*** Collected data Section Begins ***
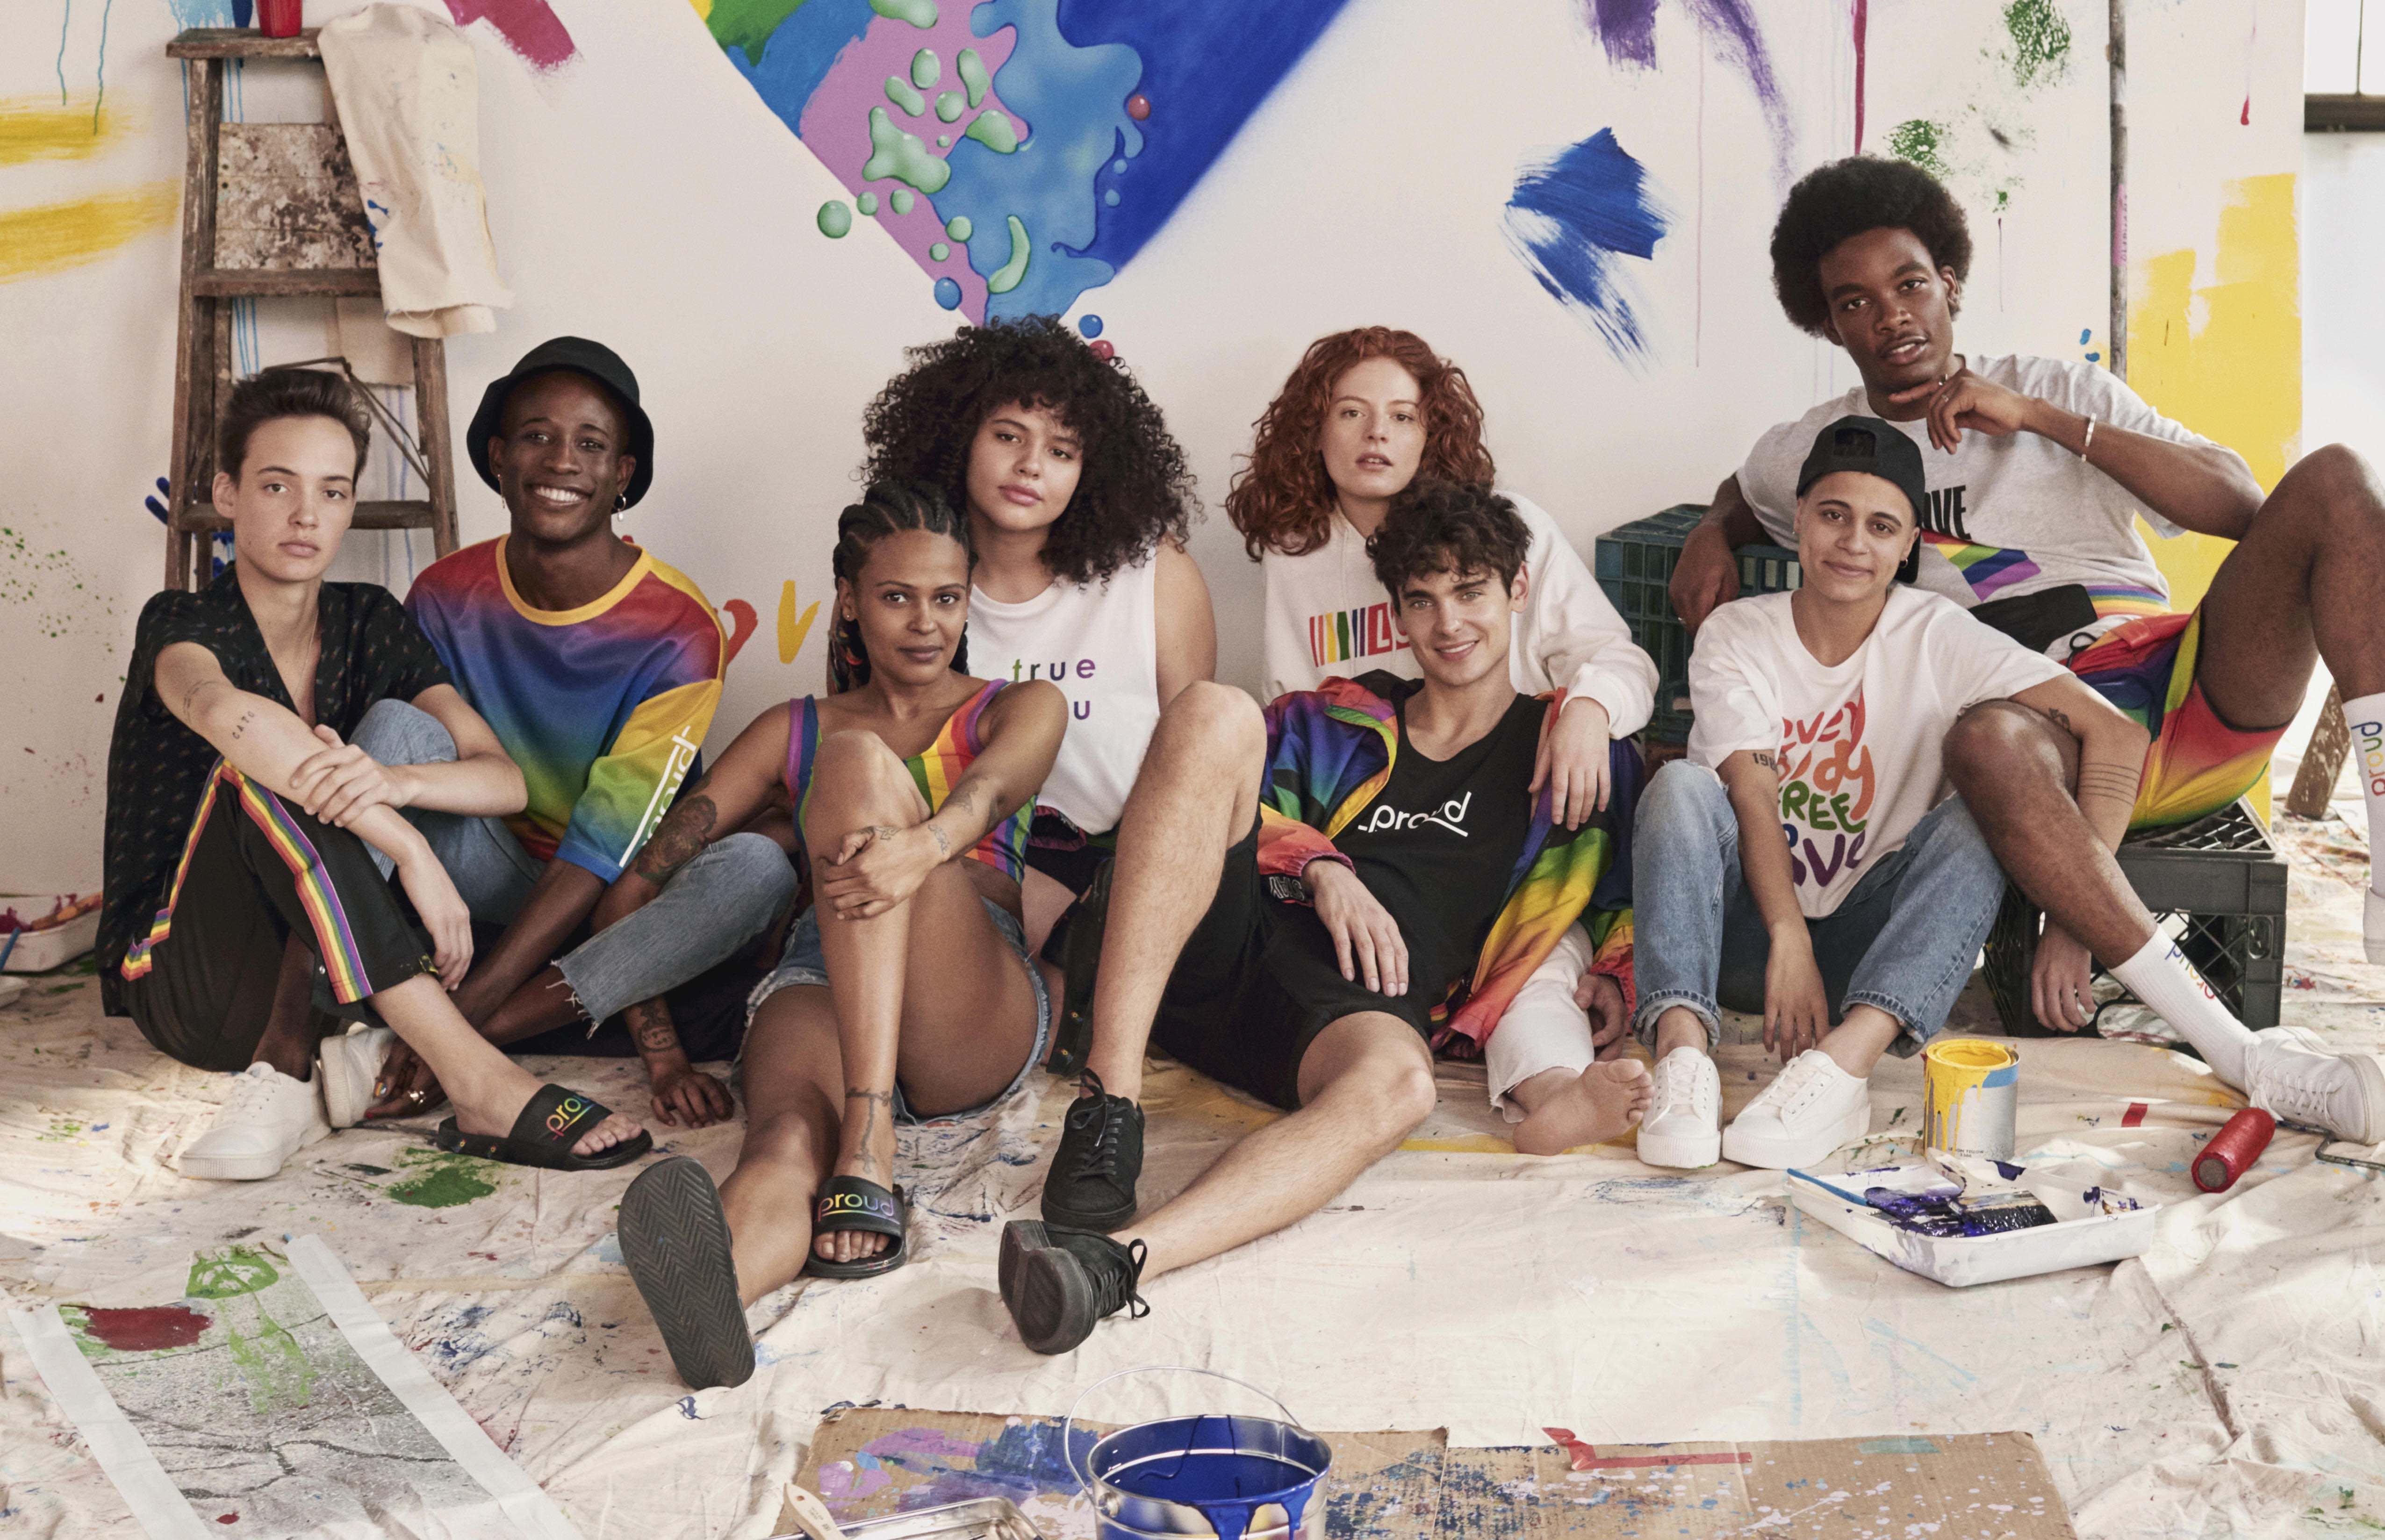 H&M, lighed, fællesskab, tøj, shopping, kollektion, lgbtqia
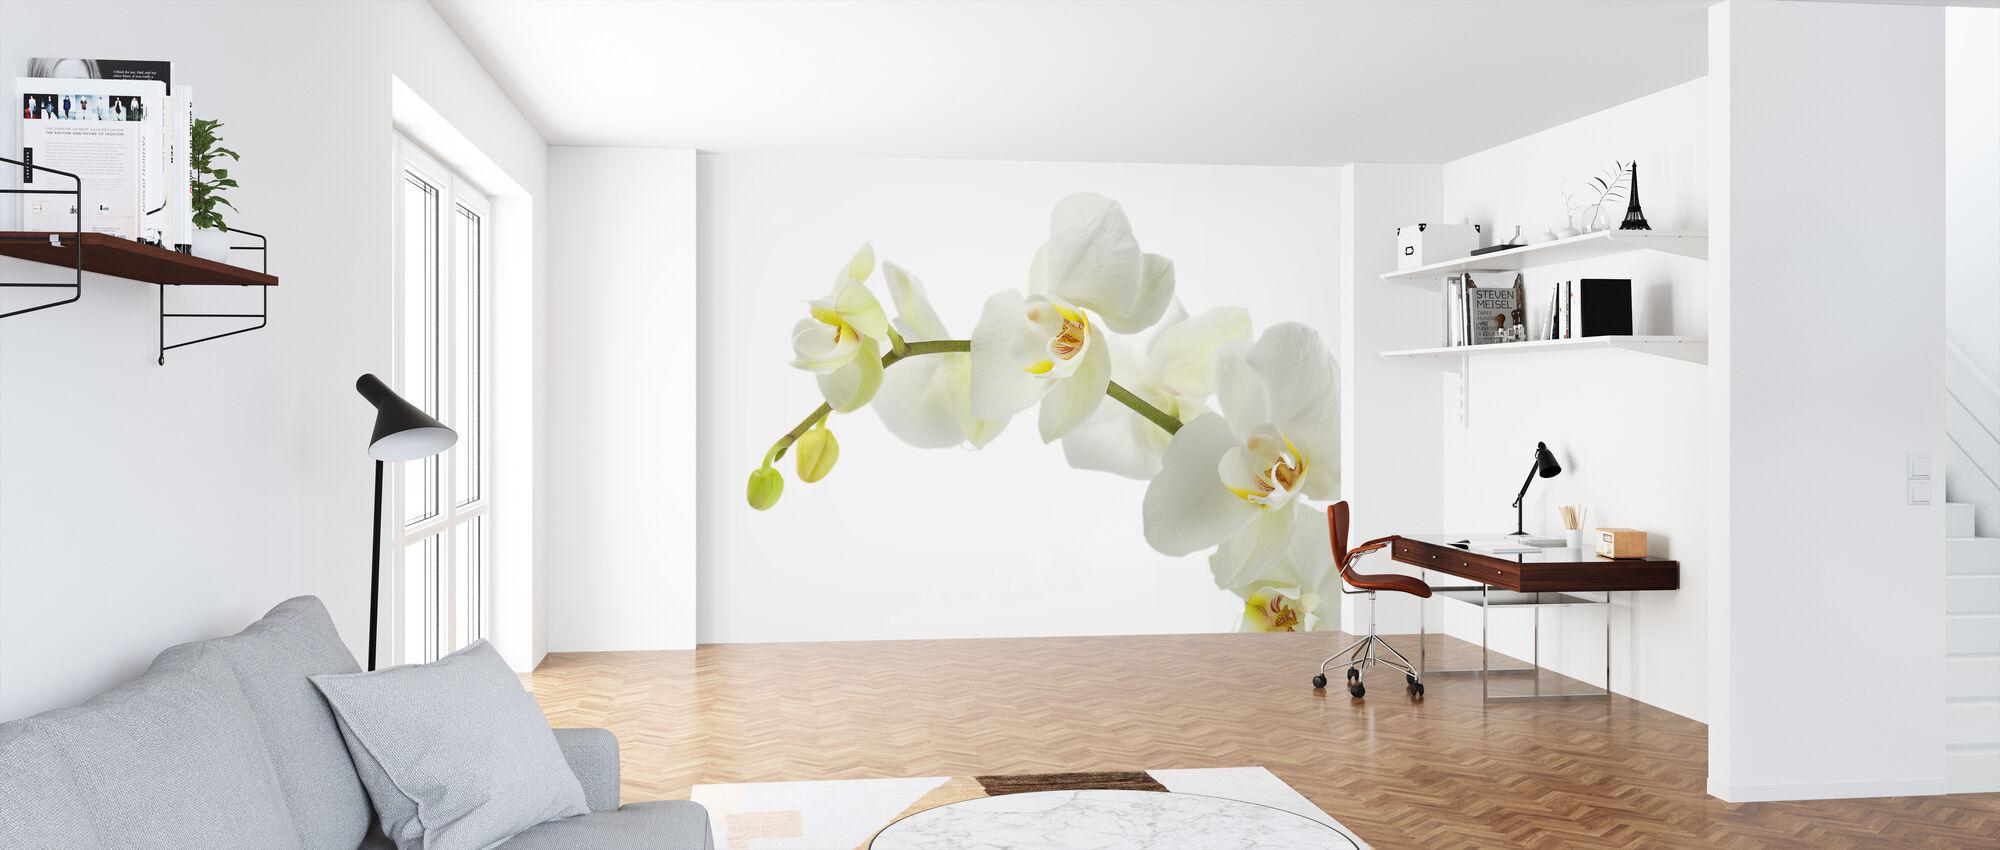 Soft White Orchid Stem - Wallpaper - Office
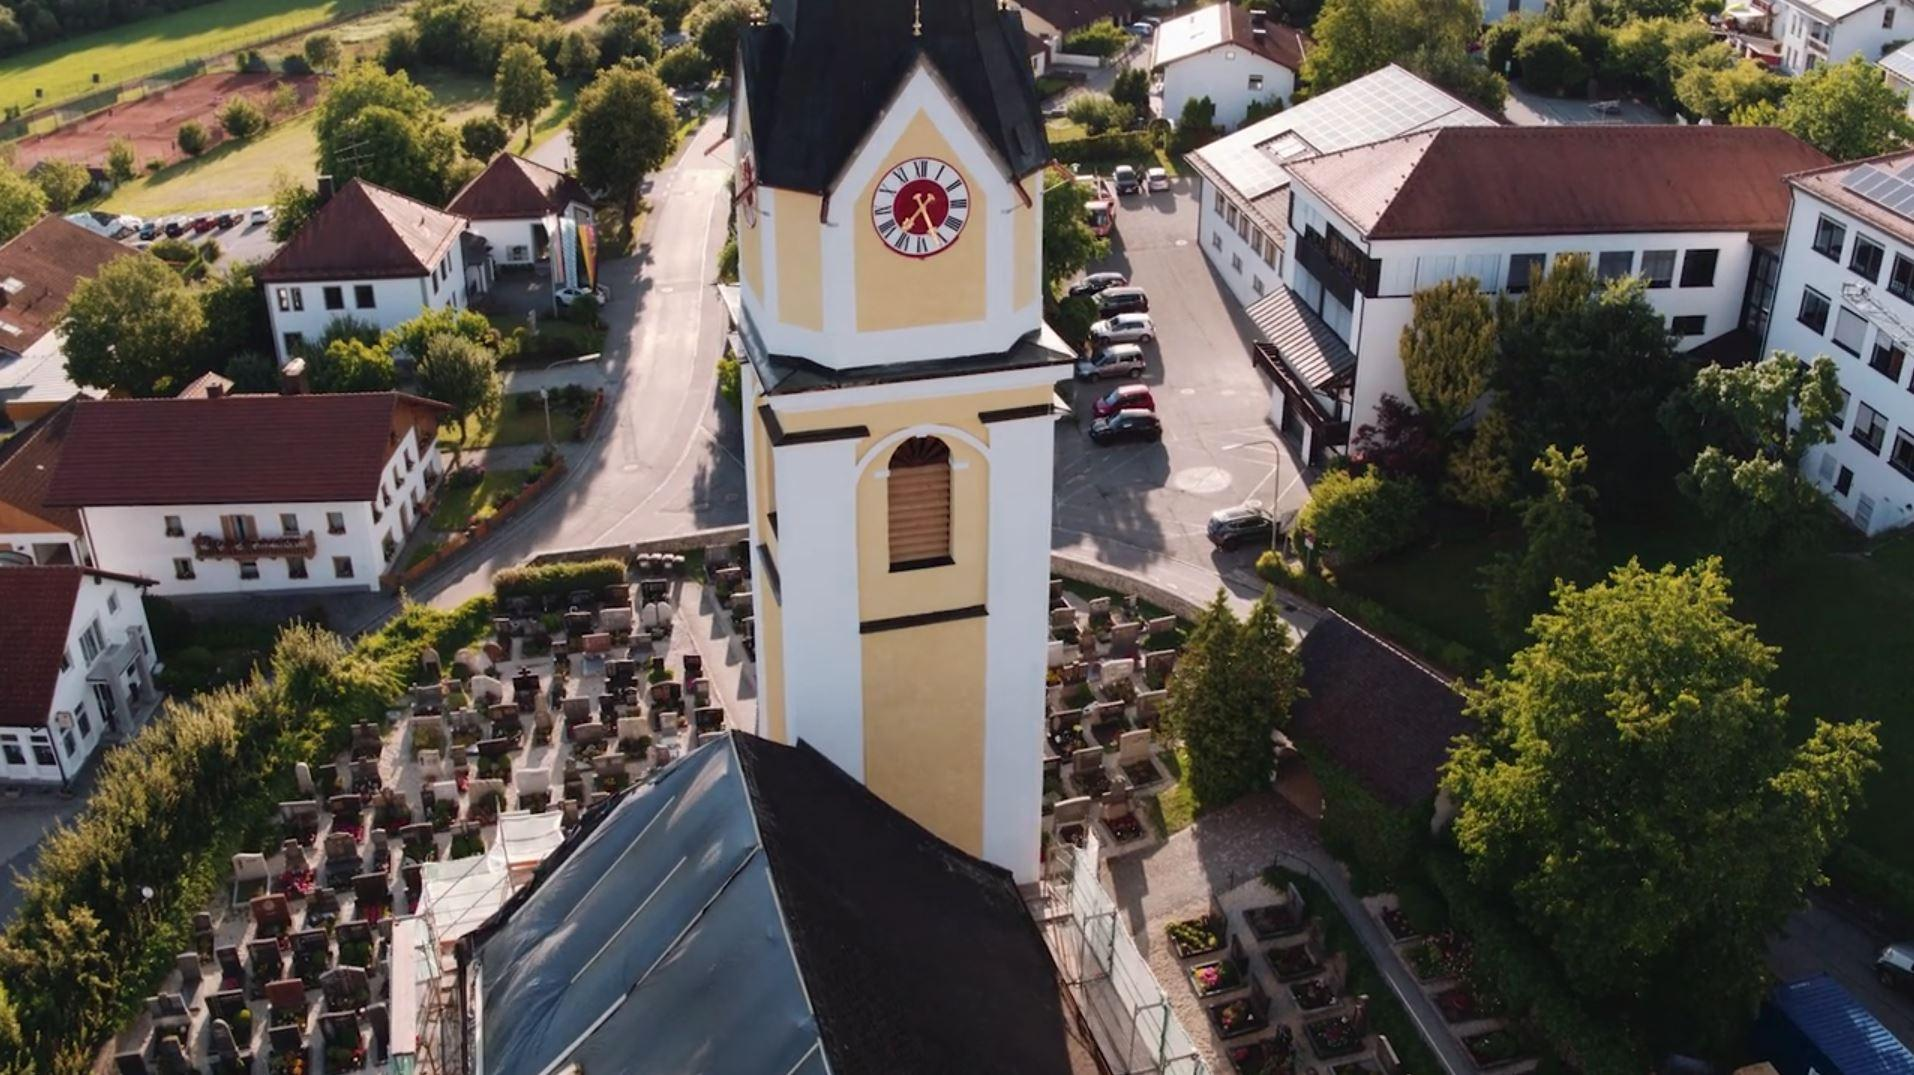 Pfarrkirche-Aicha_vorm_Wald_2
*** Collected data Section Ends ***
To do: The material above should be repeated word for word, with every picture omitted.

Exercise solution:
 H&M, lighed, fællesskab, tøj, shopping, kollektion, lgbtqia
 Soft White Orchid Stem - Wallpaper - Office
 Pfarrkirche-Aicha_vorm_Wald_2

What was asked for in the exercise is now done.